● **Task description**: Give back exactly the lines from the one that holds "狼日光証言するホワイトAP-10" through the final line of the data; omit the pictures and add nothing.

● **Collected data**:
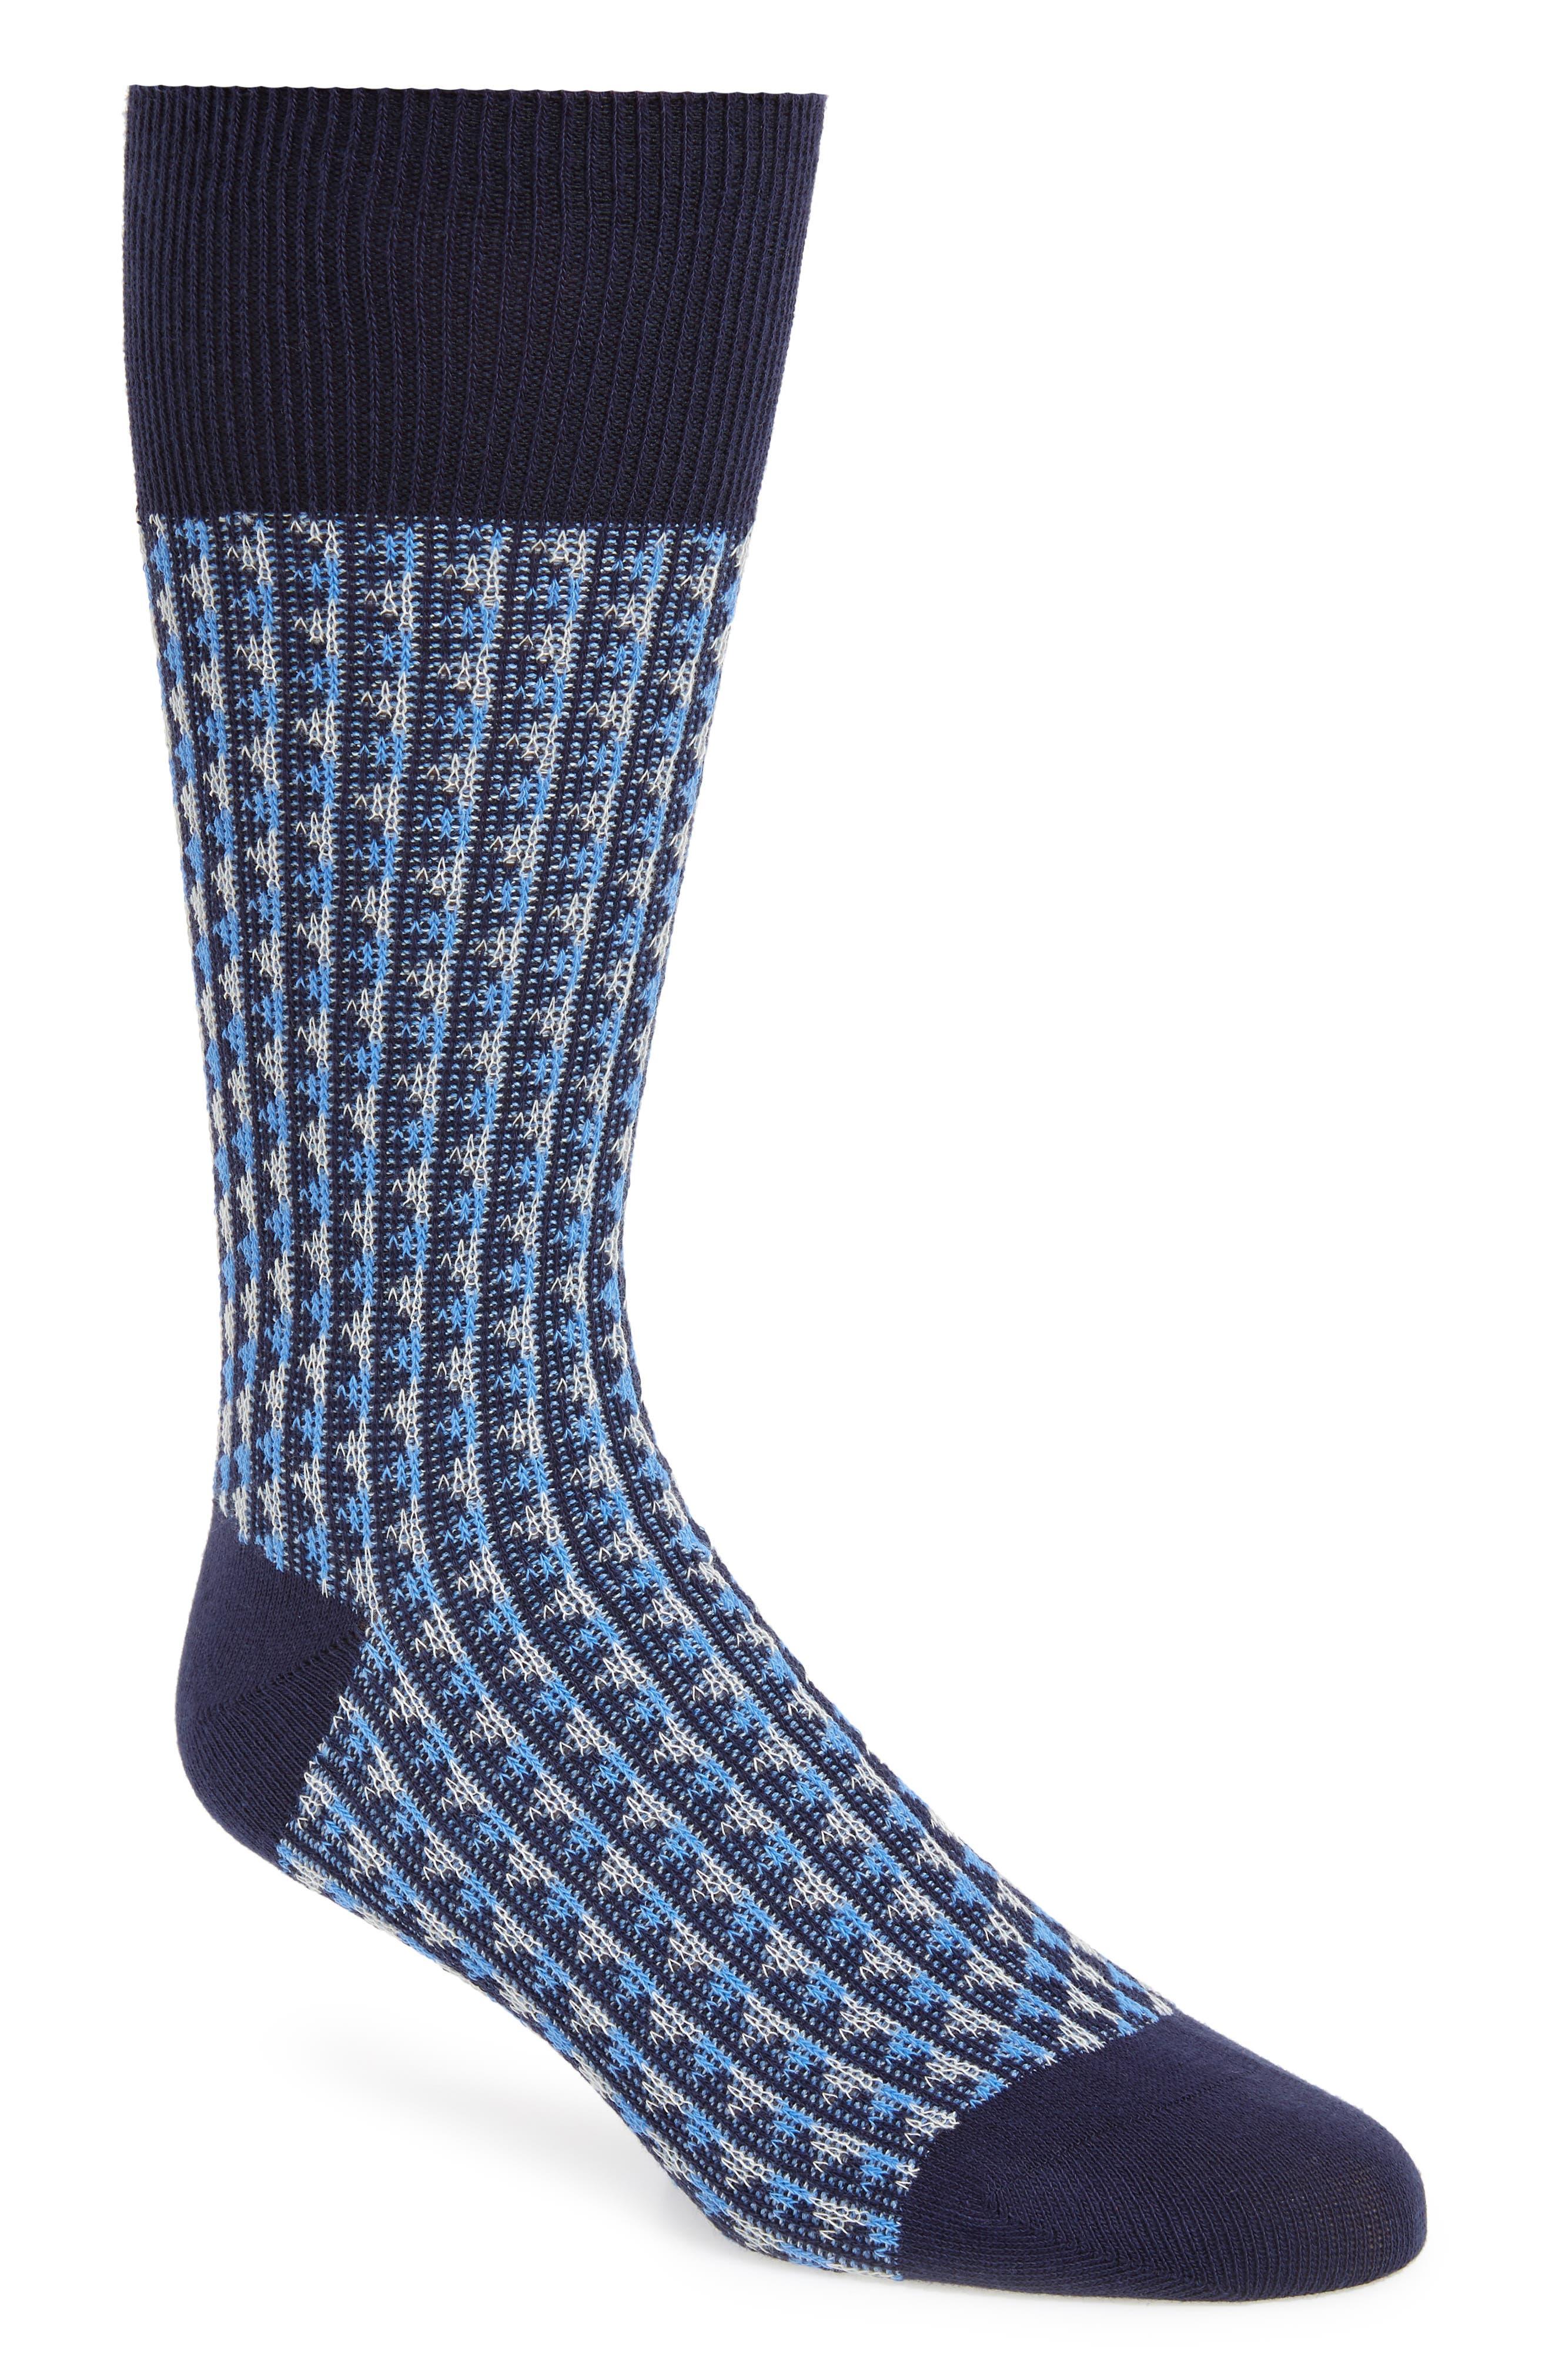 Jacquard Socks,                             Main thumbnail 1, color,                             BLUE
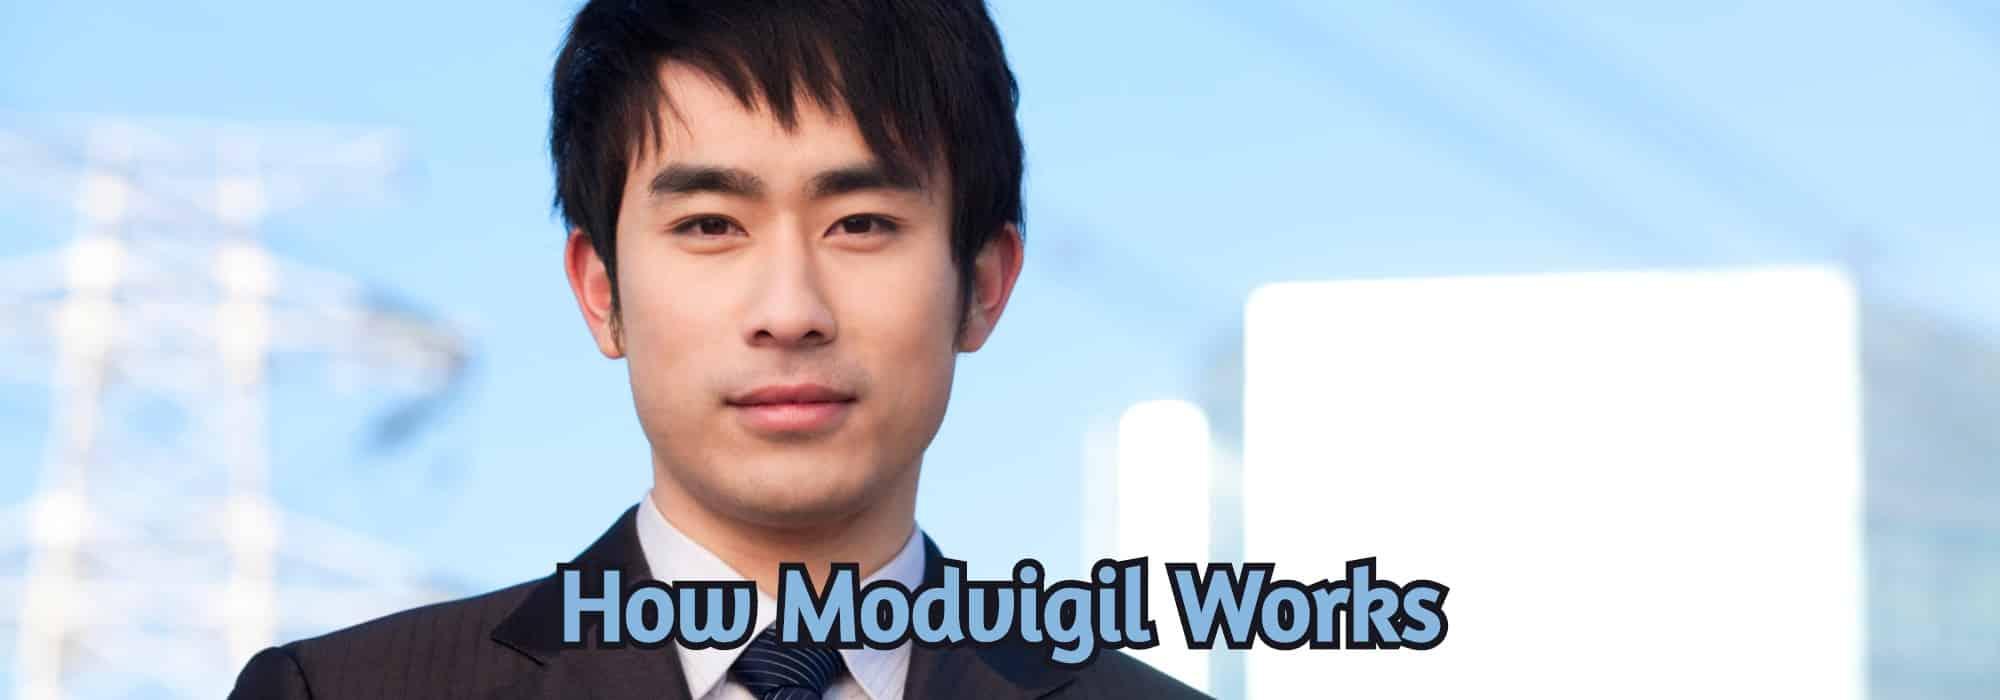 How Modvigil Works
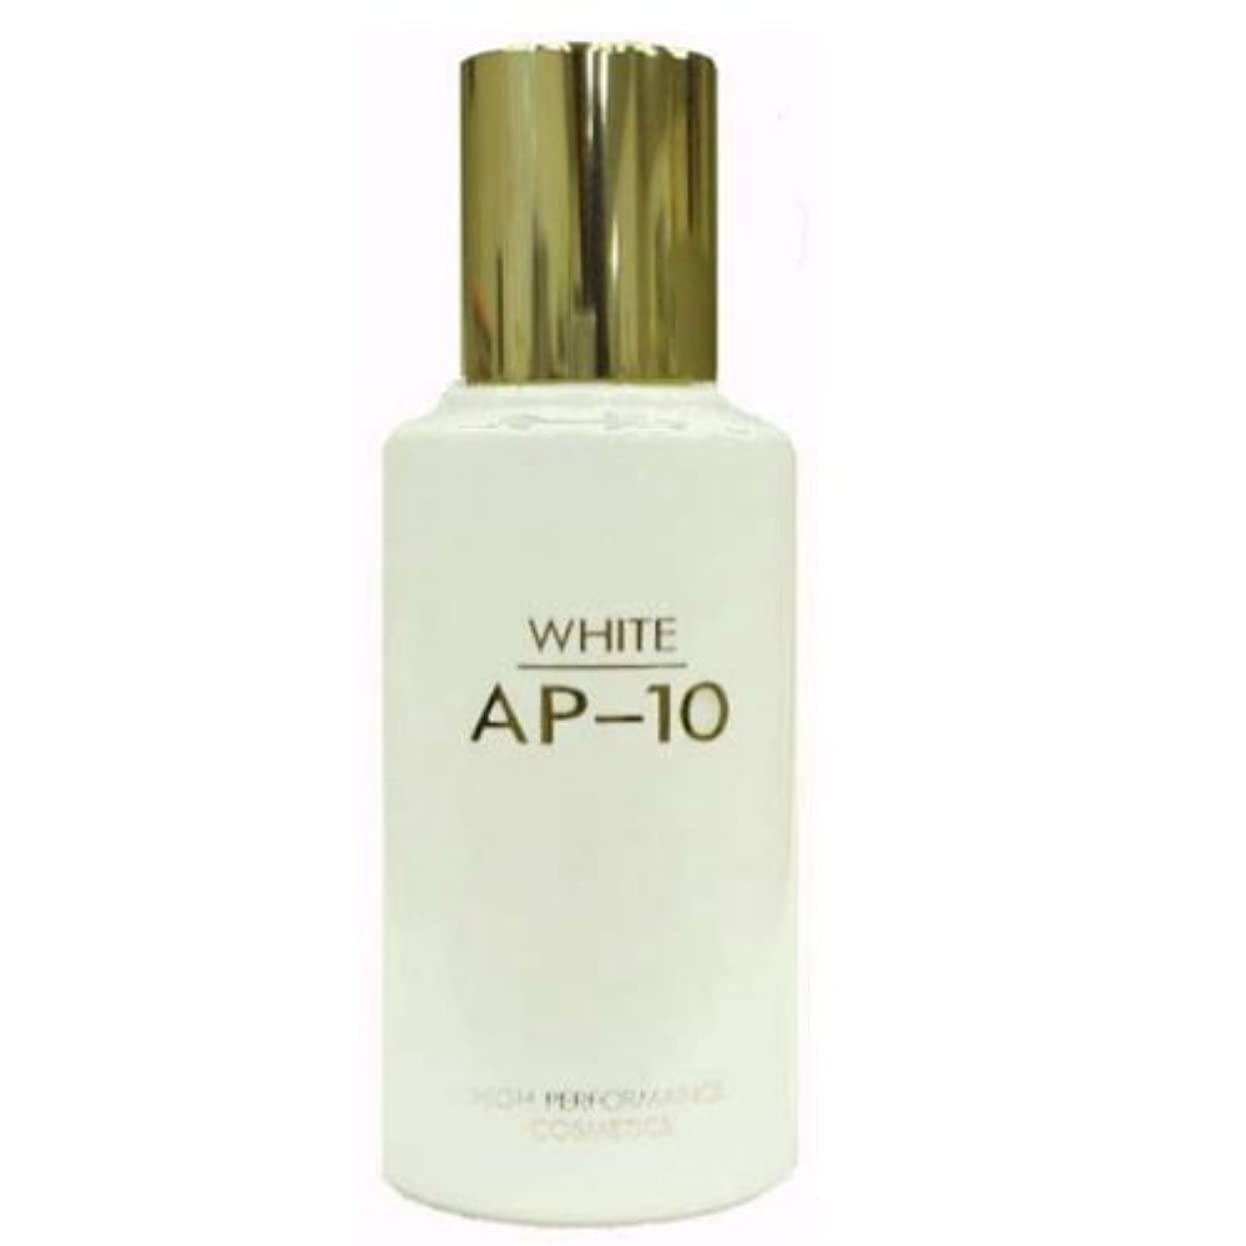 狼日光証言するホワイトAP-10
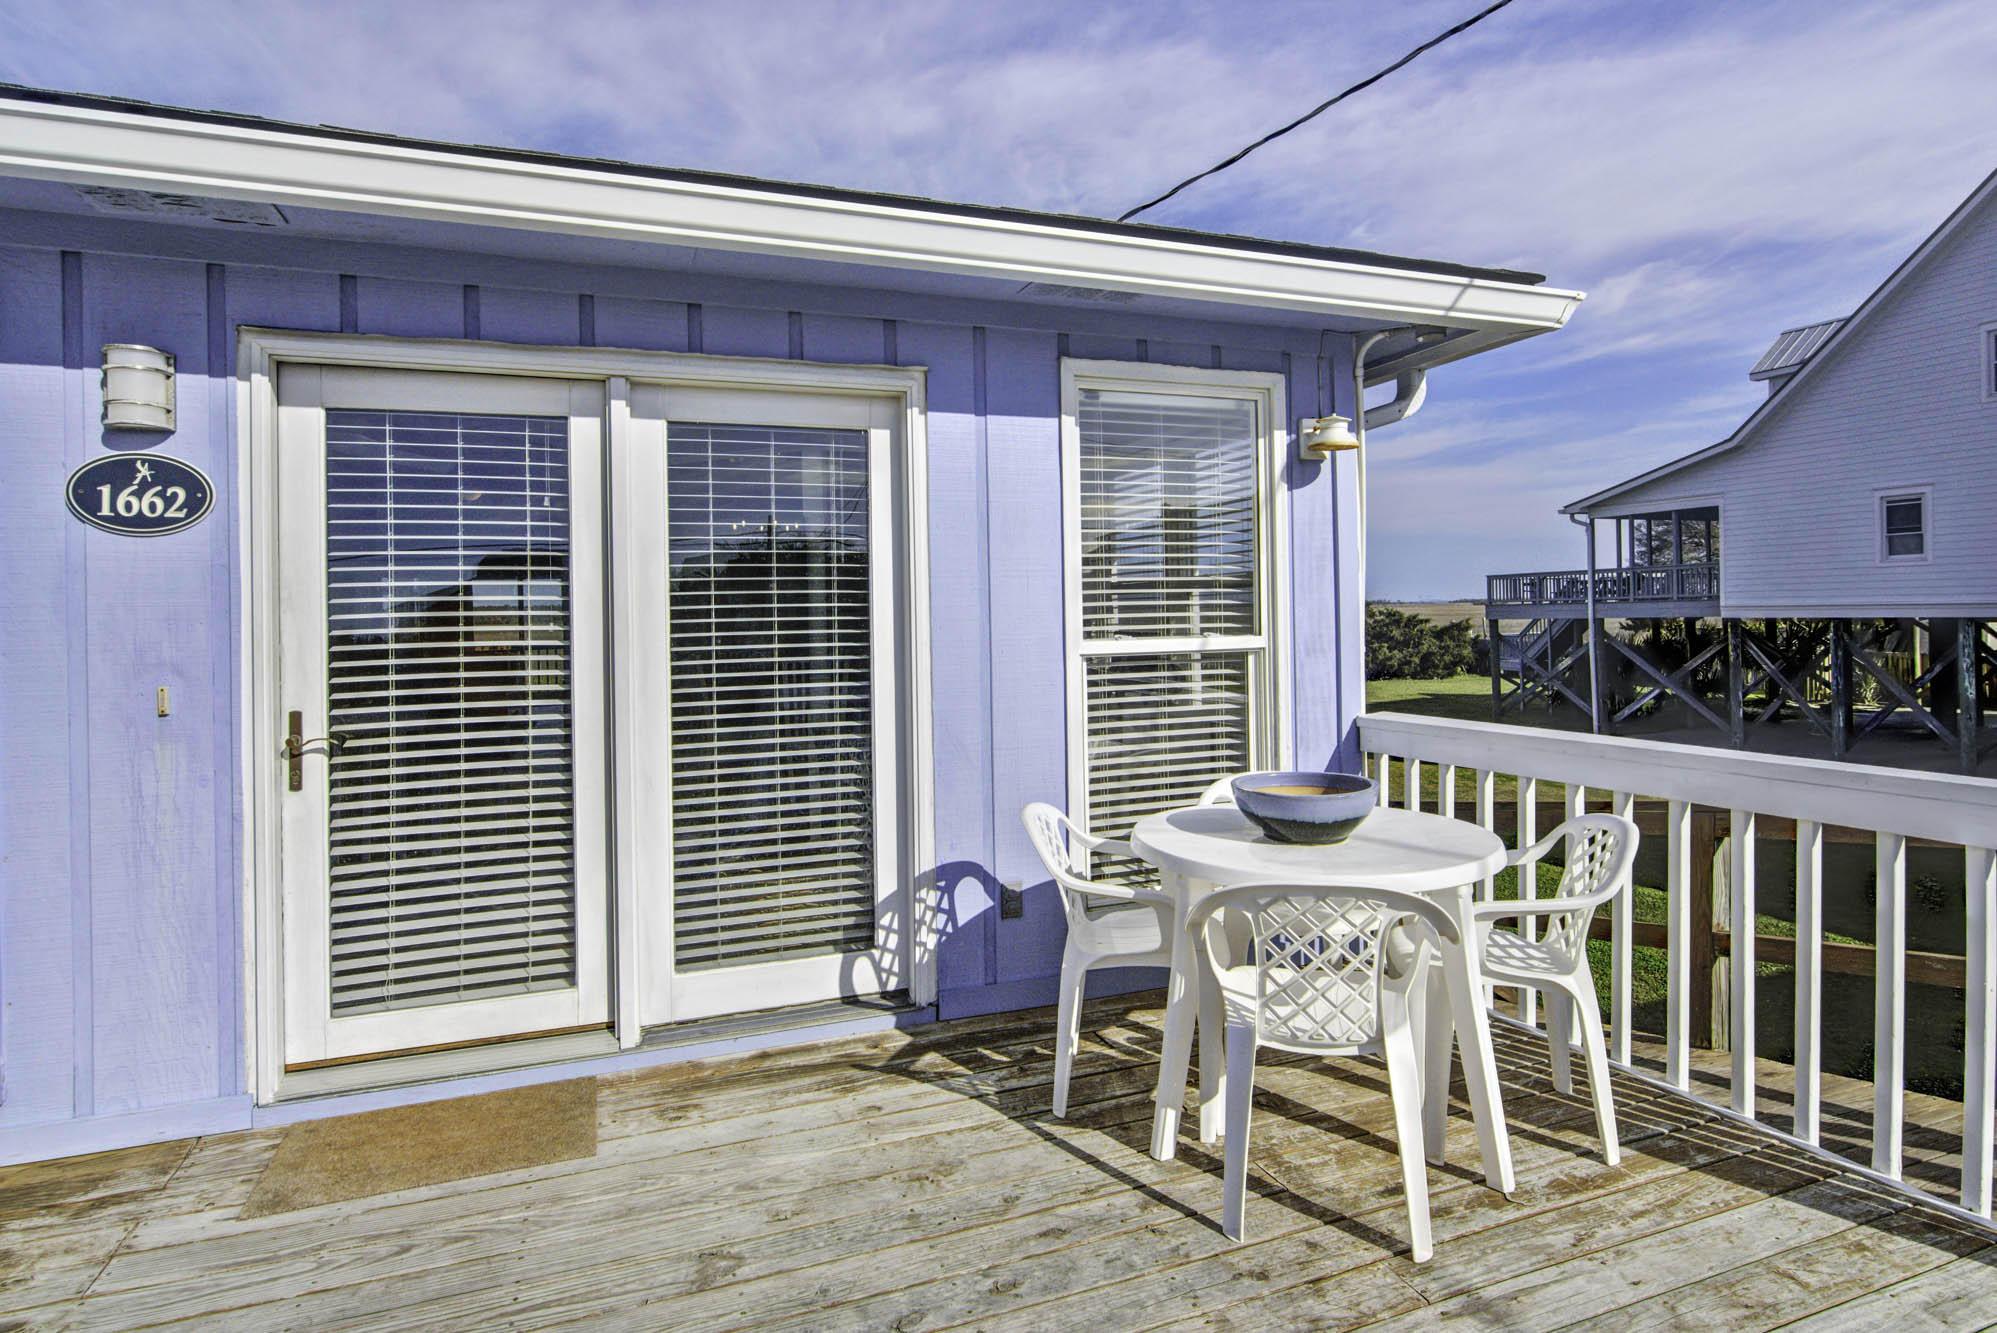 E Folly Bch Shores Homes For Sale - 1662 Ashley, Folly Beach, SC - 31

● **Your solution**:
 狼日光証言するホワイトAP-10
 E Folly Bch Shores Homes For Sale - 1662 Ashley, Folly Beach, SC - 31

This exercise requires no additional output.